Babbitt's falsification of the priority
listing system on the bull trout has been discussed. Such fraud is routine.
On June 7, 1996, Jamie Rappaport Clark, now Director of the U.S. Fish and
Wildlife Service, attempted to convince a federal judge that the Fish & Wildlife
Service could not list the imperiled Preeble's jumping meadow mouse as endangered
because of "higher" priorities. She filed a sworn affidavit claiming
that action on the meadow mouse petition would: "impair the Service's
ability to extend legal protections to those species which face high magnitude
threats. Region 6 has identified two species which will receive the region's
immediate attention, the least chub and the Winkler cactus."

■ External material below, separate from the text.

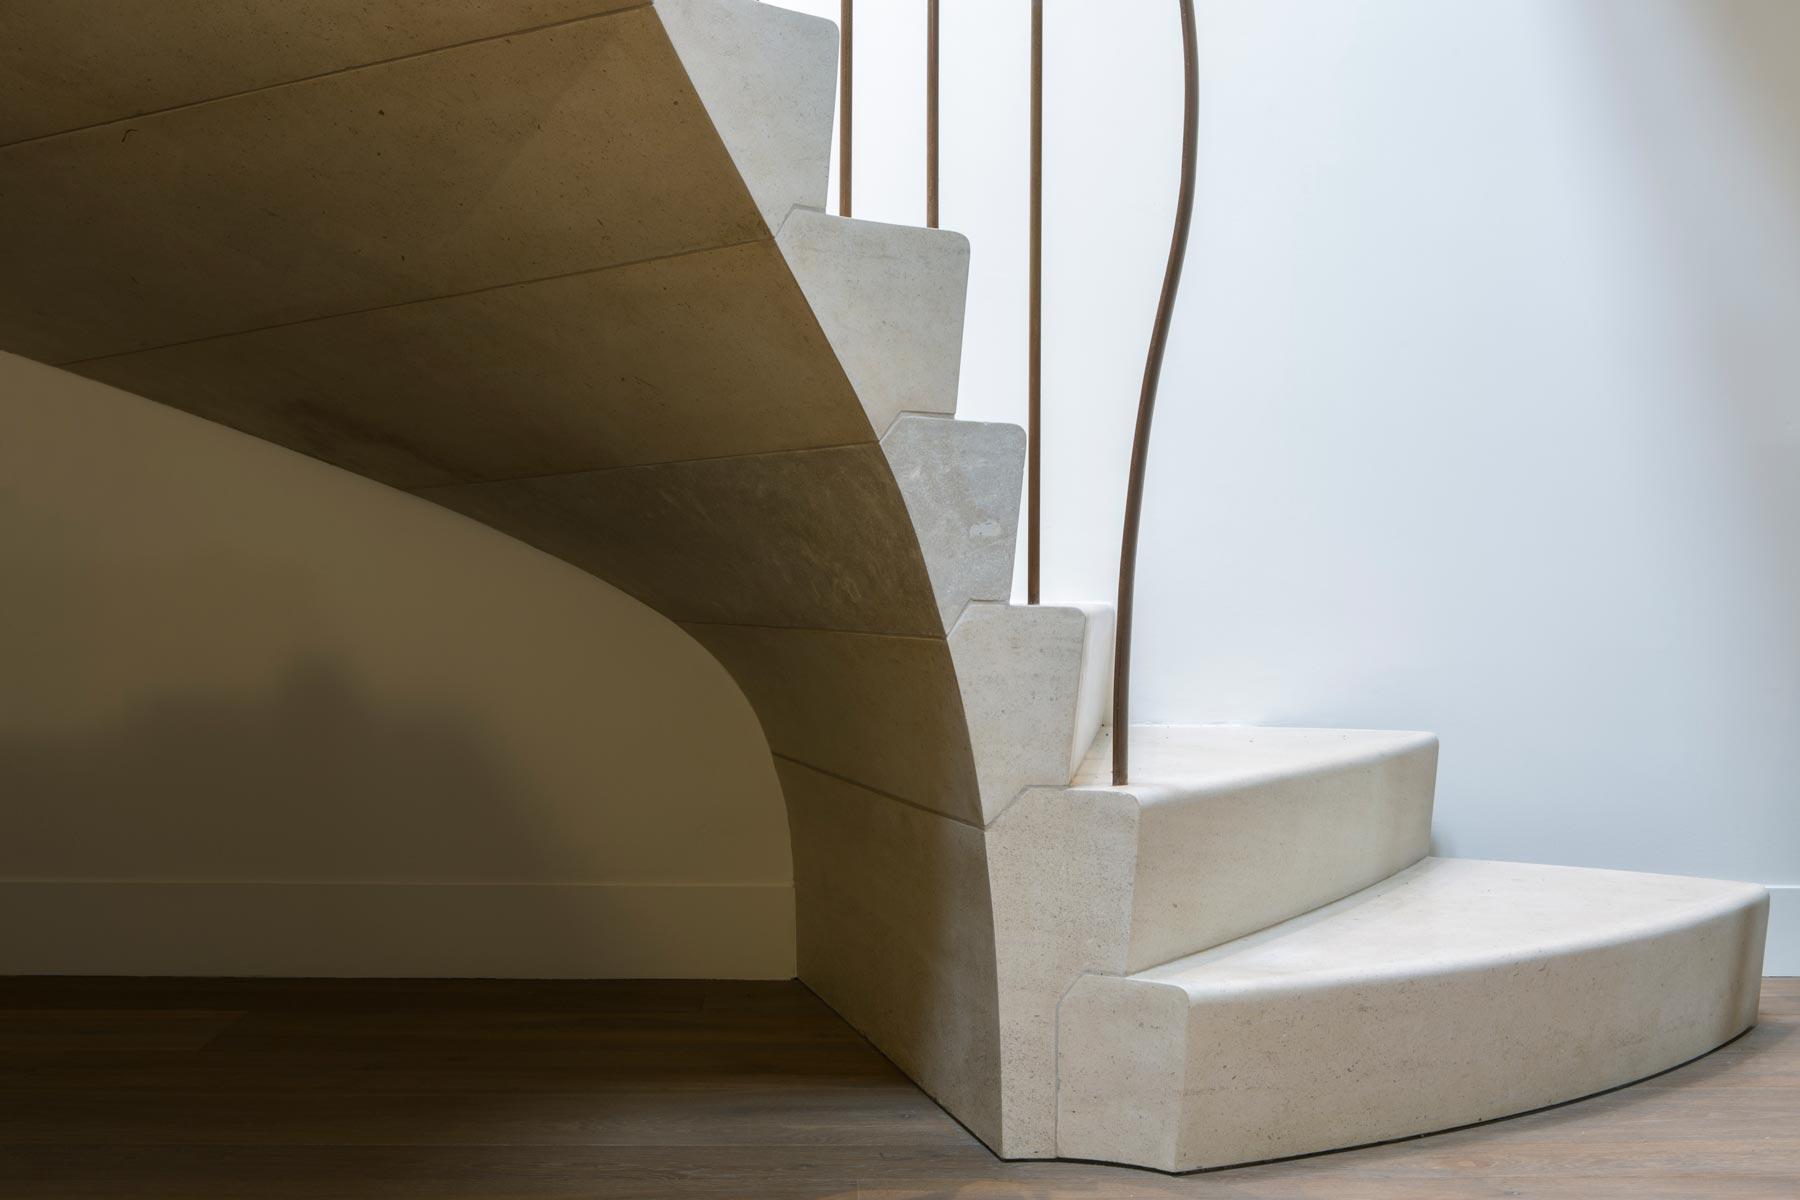 sculptural-limestone-staircase-4-oxfordshire-rogue-designs-ian-knapper.jpg

Nearly 18 months later, the Fish
& Wildlife Service has taken no action, not only on the meadow mouse,
but on the Winkler cactus and least chub as well. Incredibly, Fish &
Wildlife Service biologists admit that the cactus has continued to decline
since being proposed for listing in 1993, but can not explain why the agency
has taken no action on its supposed number one priority. On January 13,
1998, the Southwest Center filed suit force the Secretary to make a final
decision on the cactus. The Center has also filed official notice that it
will sue to force a final rule on the least chub.
In 1994, the Fish & Wildlife
Service determined that the Barton Springs salamander faced "imminent,
high magnitude threats" of extinction. It was made a "top priority
for listing." As with the 44 species in this suit, however, the Secretary
proposed the salamander as endangered, but took no further action. He was
sued by a Texas environmental group. The judge noted that the Secretary
"missed virtually every statutory deadline provided in the ESA,"
ordering him to stop delaying and to make a decision. Instead of listing
the salamander, the Secretary bowed to political pressure and withdrew his
proposal. He was sued again. In 1997, the court overturned the Secretary's
decision, ordering him to list the salamander as endangered. The judge concluded
that "strong political pressure was applied to the Secretary to withdraw
the proposed listing of the salamander" and that "that political
lobbyists for the development community worked with political appointees
of the Secretary" in violation of the ESA.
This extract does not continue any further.